#### Stored data:
Content starts

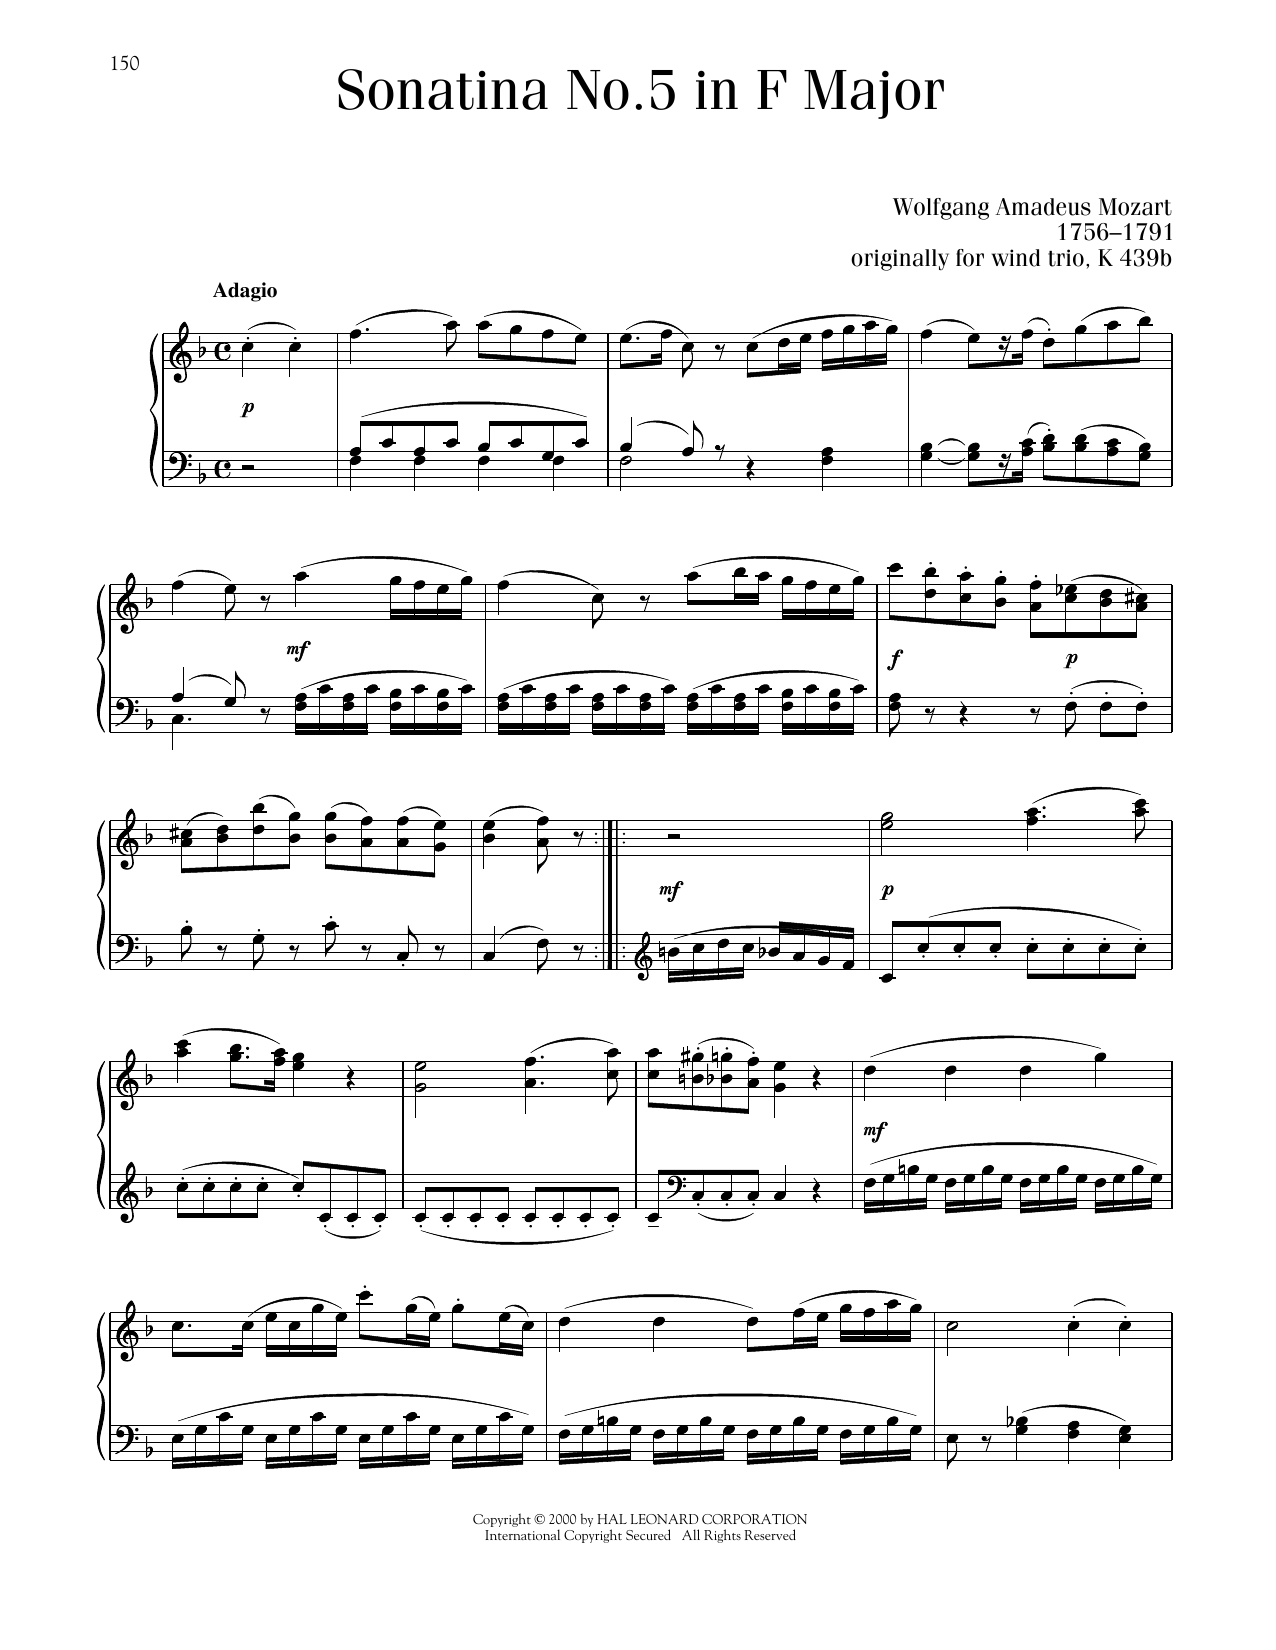 Wolfgang Amadeus Mozart Sonatina No. 5 In F Major sheet music notes printable PDF score
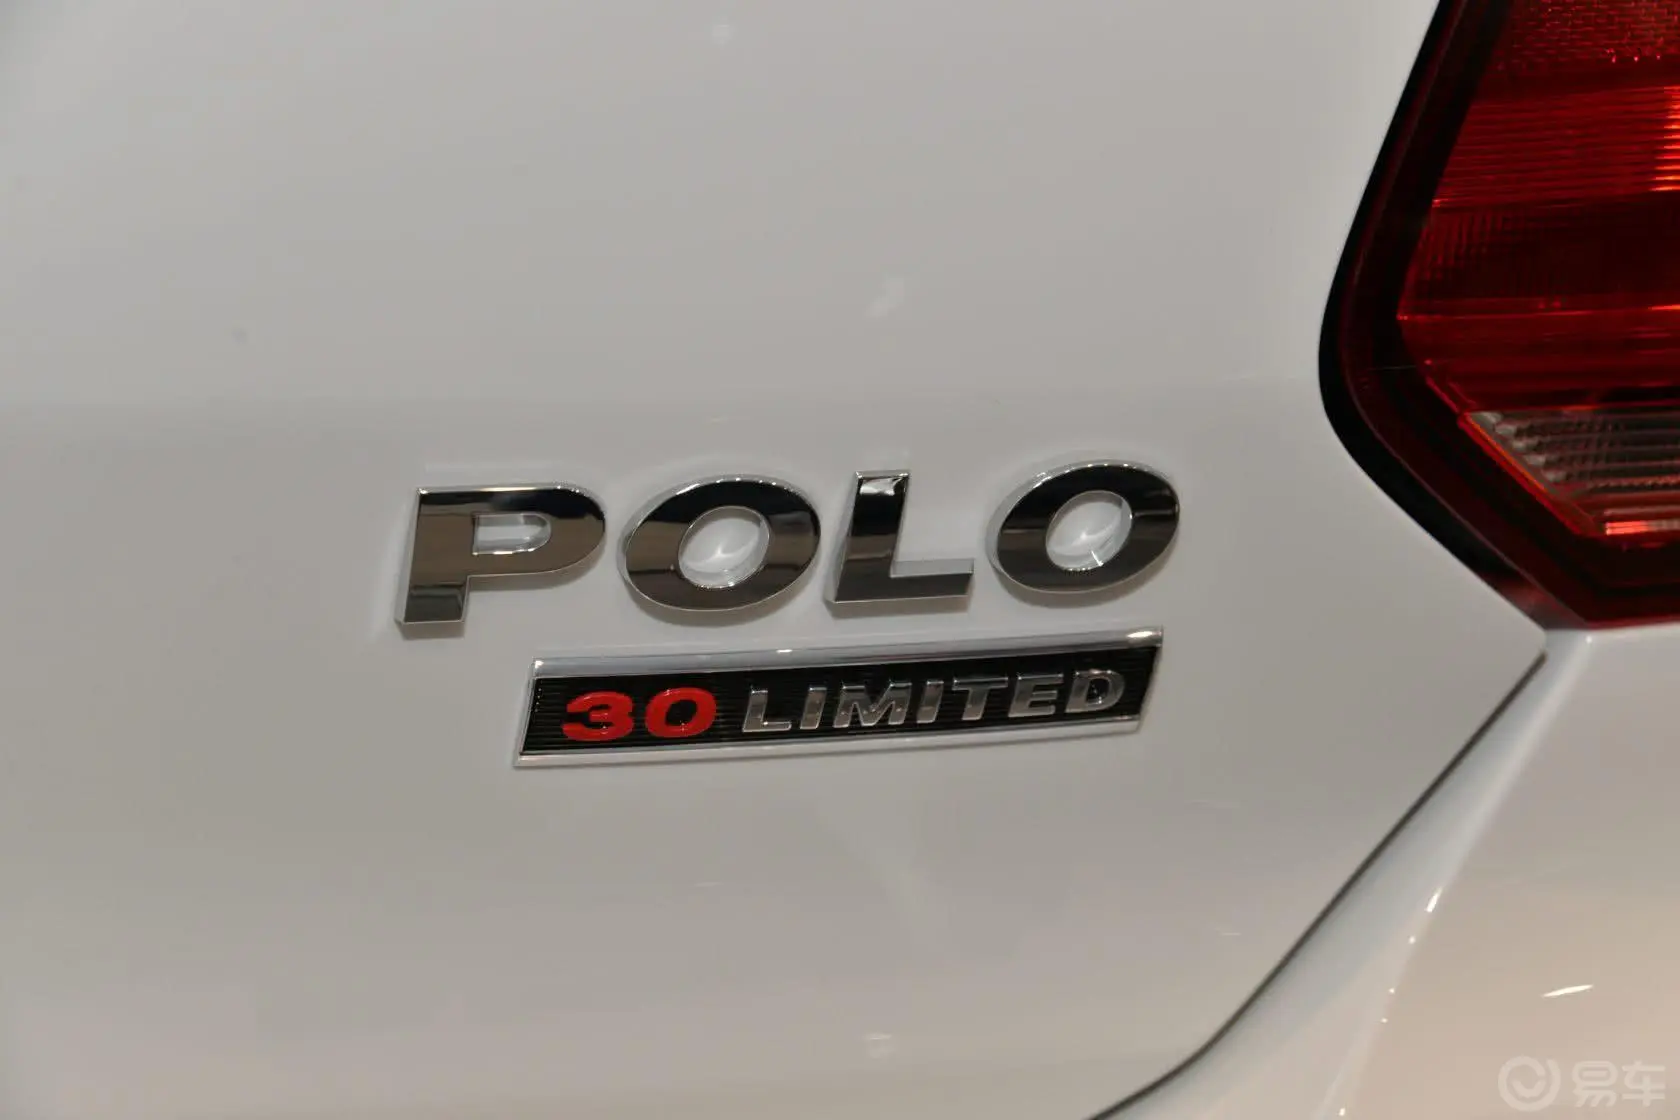 Polo1.6L 自动 30周年纪念版尾标
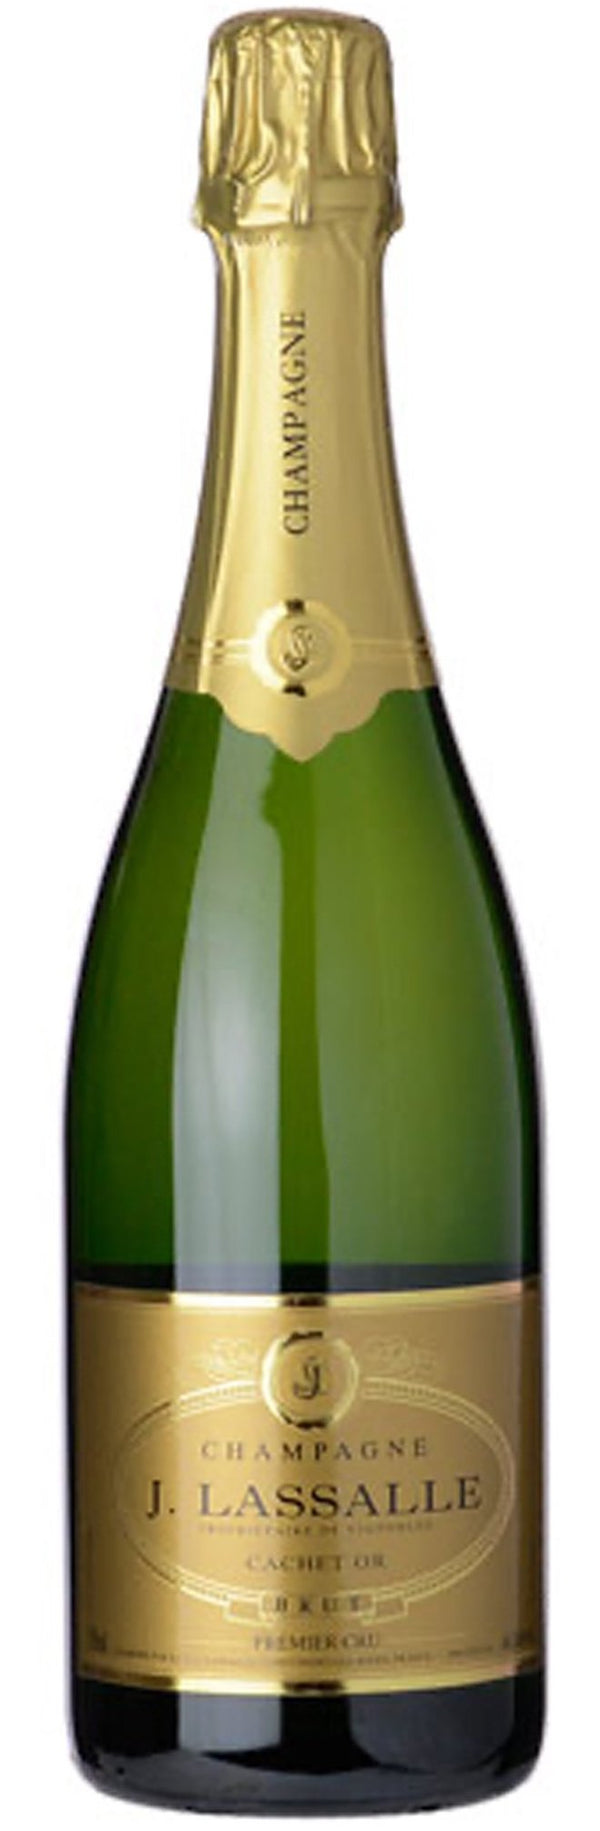 Champagne J. Lassalle Cachet Or Brut Premier Cru 750ml

Content ends

#### Activity:
Return the material above exactly; the images stay out.

#### Written solution:
 Wolfgang Amadeus Mozart Sonatina No. 5 In F Major sheet music notes printable PDF score
 Polo1.6L 自动 30周年纪念版尾标
 Champagne J. Lassalle Cachet Or Brut Premier Cru 750ml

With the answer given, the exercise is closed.